Так шёл я назад к пристани, отягощённый подобными мыслями и кошёлкой с продуктами. Хрипушин и Бычков уже были на судне и ожидали меня с тревогой, думая, что я заблудился. Покупками моими они остались весьма довольны, особенно азиатскими лепёшками и русским салом. И то и другое здесь дорого и является, в отличие от рыбы, предметом роскоши. Впрочем, для рядового жителя самой Астрахани, не рыбака, не матроса, а какого-нибудь бухгалтера или слесаря, рыба, особенно рыба ценных пород, недоступна. На рынке продажа её запрещена, в магазине её почти не бывает, кроме рыбы частиковой или сома.

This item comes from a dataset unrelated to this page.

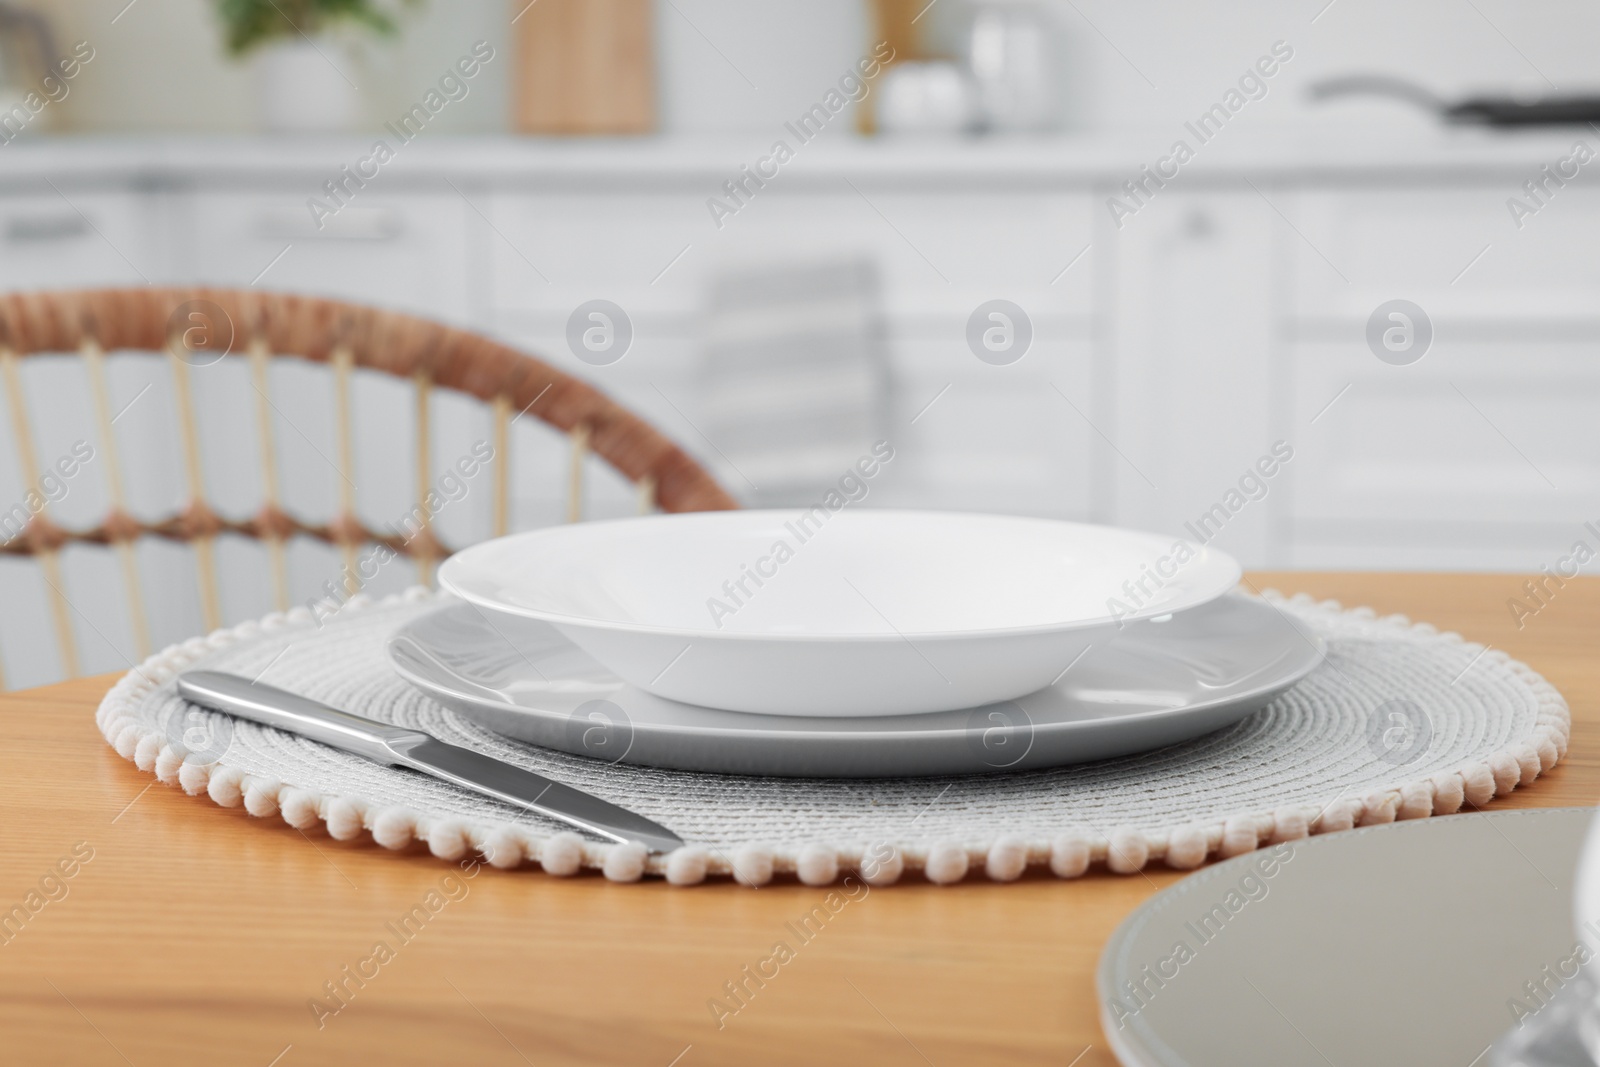 Photo of Stylish ceramic plates and cutlery on wooden table in kitchen

Да и то – приходится стоять в очереди. А ведь рыболовство было испокон веков главным источником существования населения Нижнего Поволжья, оно давало работу не только местным, но и пришлым. Очереди за частиковой костлявой мелкой рыбой в Астрахани, где одной лишь чёрной икры в прошлом добывалось до двухсот тысяч килограмм в год, – таковы результаты нынешнего индустриально-государственного давления на Волгу.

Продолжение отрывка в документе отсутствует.